Il presidente Vendola, nel ribadire l’orgoglio della Regione Puglia ad ospitare un organismo internazionale di pace come l’Onu sul proprio territorio, ha invitato la rappresentante dell’Onu ad avviare immediatamente un tavolo di concertazione con le istituzioni locali per condividere il percorso in atto ed in particolare per trovare soluzioni coerenti con le progettazioni infrastrutturali strategiche che riguardano il territorio brindisino, a partire dal nodo interportualità intermodalità, ribadendo la disponibilità della Regione Puglia a collaborare in questo percorso.

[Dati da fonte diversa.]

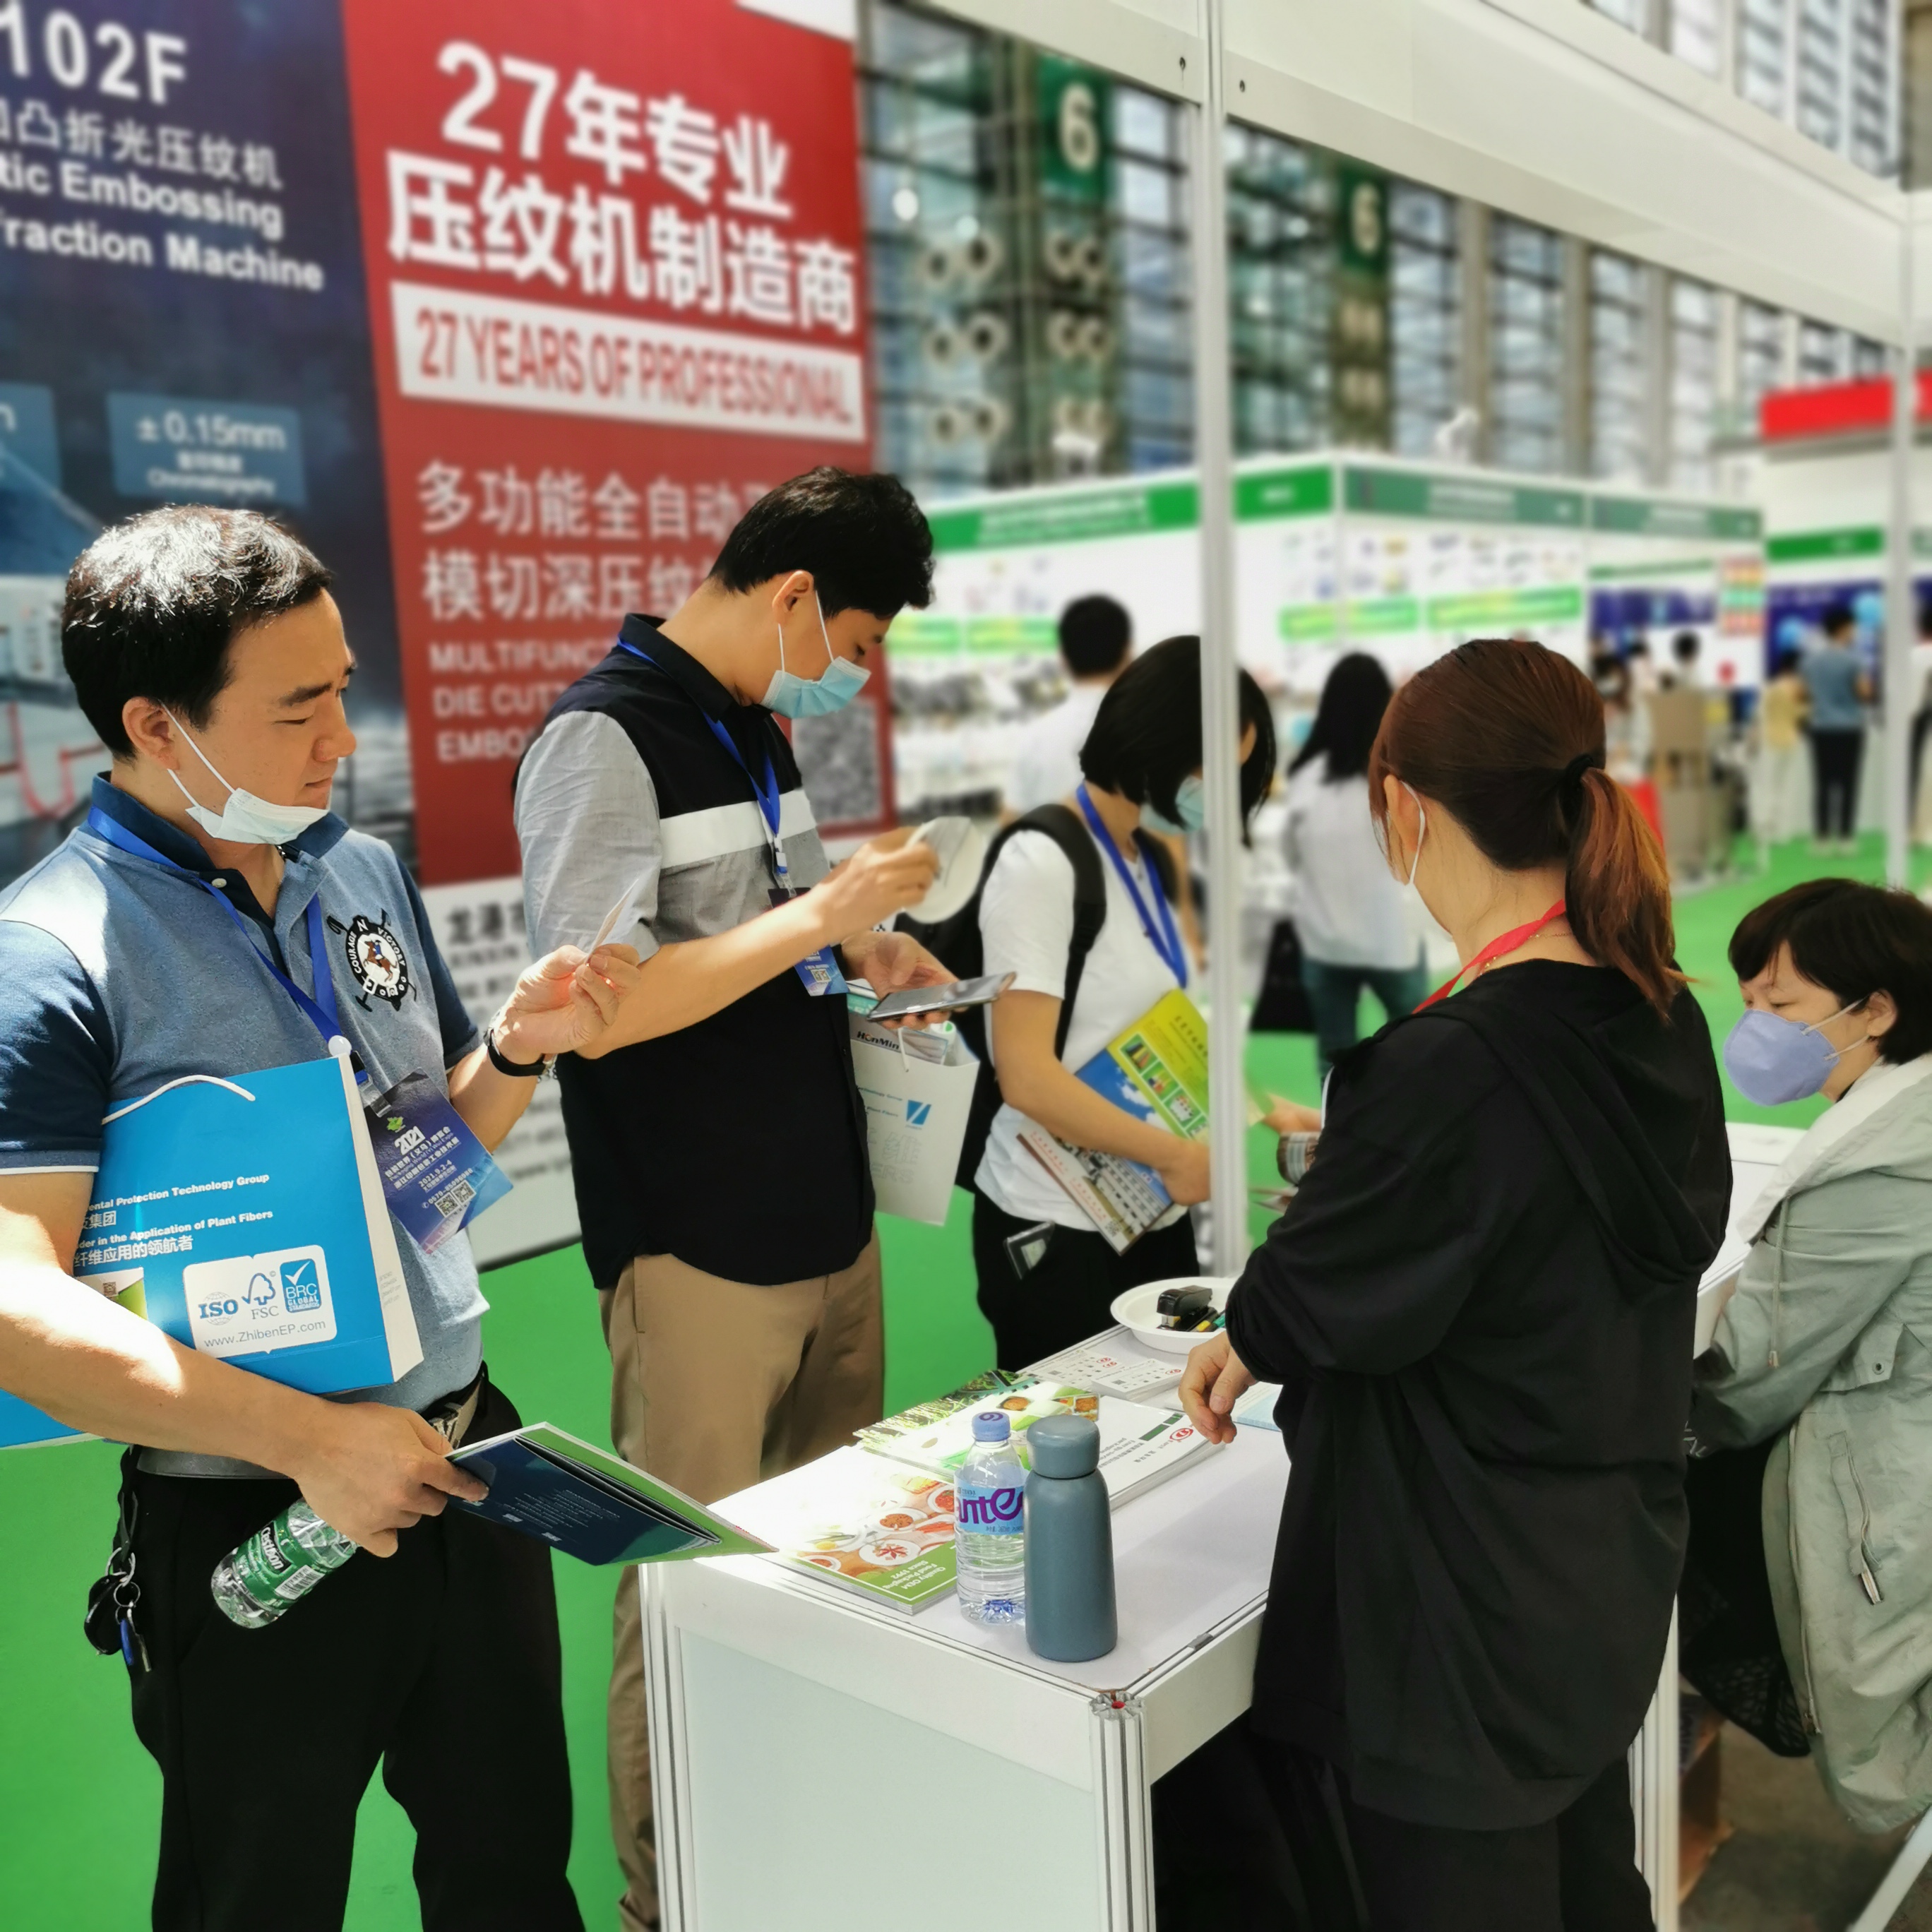 Η Άπω Ανατολή παρευρεθεί στο Packaging World(Shen Zhen) Expo

La rappresentante dell’Onu ha accolto l’invito del Presidente Vendola comunicando che già giovedì 24 novembre sarà a Brindisi, con i suoi tecnici, per avviare il confronto con le parti locali. Nel corso dell’incontro è stato poi deciso di avviare un secondo tavolo tecnico specifico per valutare la fattibilità e la realizzazione di una scuola interrnazionale di formazione che possa servire non solo alle famiglie straniere, già presenti sul territorio pugliese, in numero certamente destinato ad essere incrementato, ma che possa anche essere a disposizione del territorio brindisino.